Data from CROHME 2014 and earlier competitions is available online from IAPR TC-11: tc11.cvc.uab.es/datasets/CROHME-2014_2.

For CROHME 2016 training data will be provided in the same InkML (XML) format used in previous competitions. These InkML files may be visualized using an online tool: saskatoon.cs.rit.edu/inkml_viewer/.
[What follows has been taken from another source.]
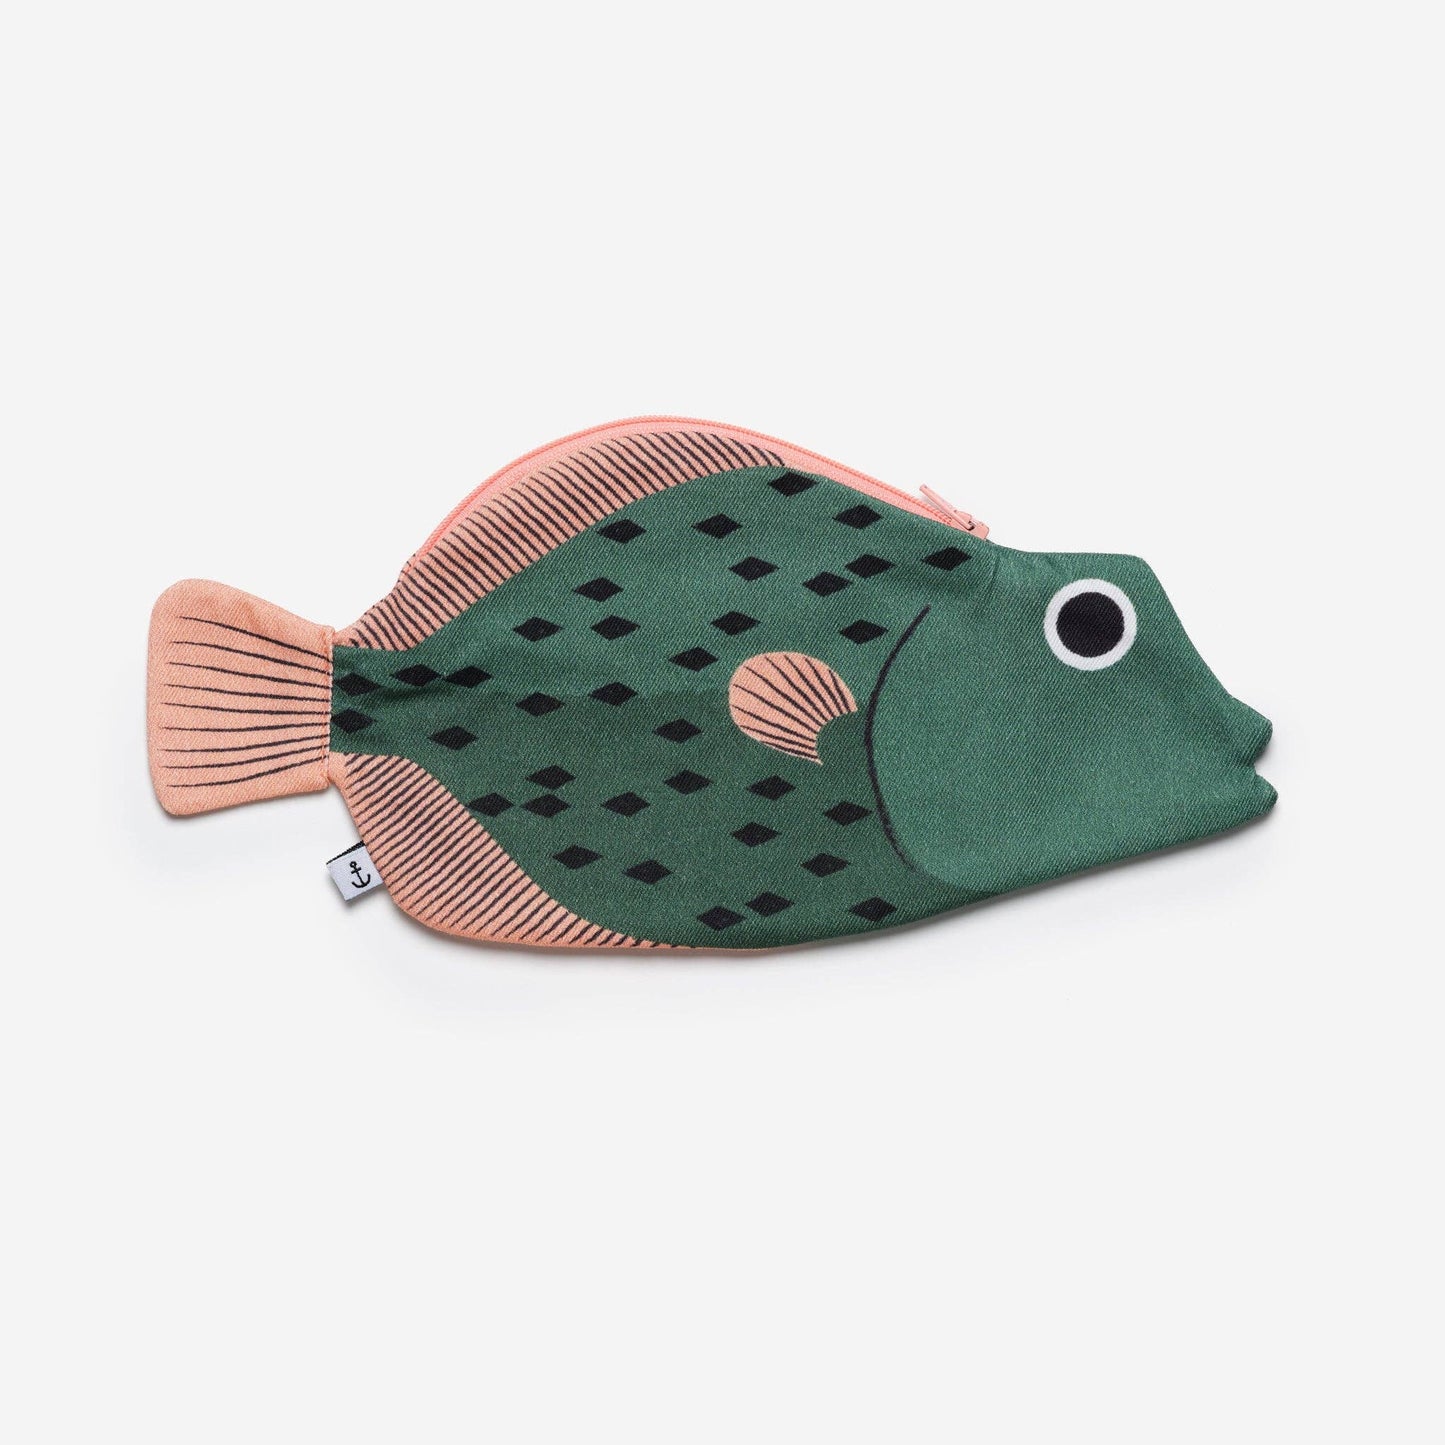 Oreo Fish zippered pouch --- body is dark green with black speckled detail, fins are pink

Recognition outputs will be in a Comma-Separated Variable (.csv) format representing a labeled graph over handwritten strokes (.lg). Updated libraries for conversion between InkML and LG formats (CROHMELib) along with tools for evaluation and visualization (LgEval) will be provided on the competition web page. Earlier versions of these tools are available online: www.cs.rit.edu/~dprl/Software.html. The updated evaluation tools LgEval can be obtained online using: git clone http://saskatoon.cs.rit.edu:10001/root/lgeval.git

Result file format

The file format is exactly the same as during CROHME2014. Here are more precisions (which are consistent with CROHME2014):

  • CROHME2016-Symbols task (task 2) : the result file is a csv file listing all isolated samples, one sample per line, giving its UID + a list of up to 10 classes ranked (first is the best). Junk class is included but results will be shown with and without junk class (as in 2014) : (cf python script evalSymbIsole.py from CROHMELib)
    • MfrDB3907_85801, a, b, c, d, e, f, g, h, i, j
      MfrDB3907_85802, 1, |, l, COMMA, junk, x, X, \times
  • CROHME2016-Matrices task (task 4) : LG structure can handle several labels per stroke and relation, thus the matrix structures are overlapping the symbol labels with these labels : "*M" (Matrix), "*R" (Row), "*C" (column), "*C" (cell); linked with the relations "NcellR", "NcellC", "Nrow", "Ncol" which means "next cell in row", "next row in matrix" , ...
  • CROHME2016-Formulas (task 1) and CROHME2016-structure (task 3) : there were some inconsistencies in ground-truth of CROHME2014 with relations from structures with limits (sum, limit, integral). We are trying to do better this year. The rules are :
    • Limits of an integral or summation ( \int or \sum ) should be designated as Above/Superscript and Below/Subscript, consistent with the locations of the limits relative to the operator (i.e. the location of the limits matters)
    • the sub part of a limit (\lim symbol) should always be Below the \lim object (munder in MathML)
    • the \prime symbol is always in superscript (as in this LaTeX string $f^\prime$)
For more details, please see the script "crohme2lg.pl" which is used for the conversion of inkml files.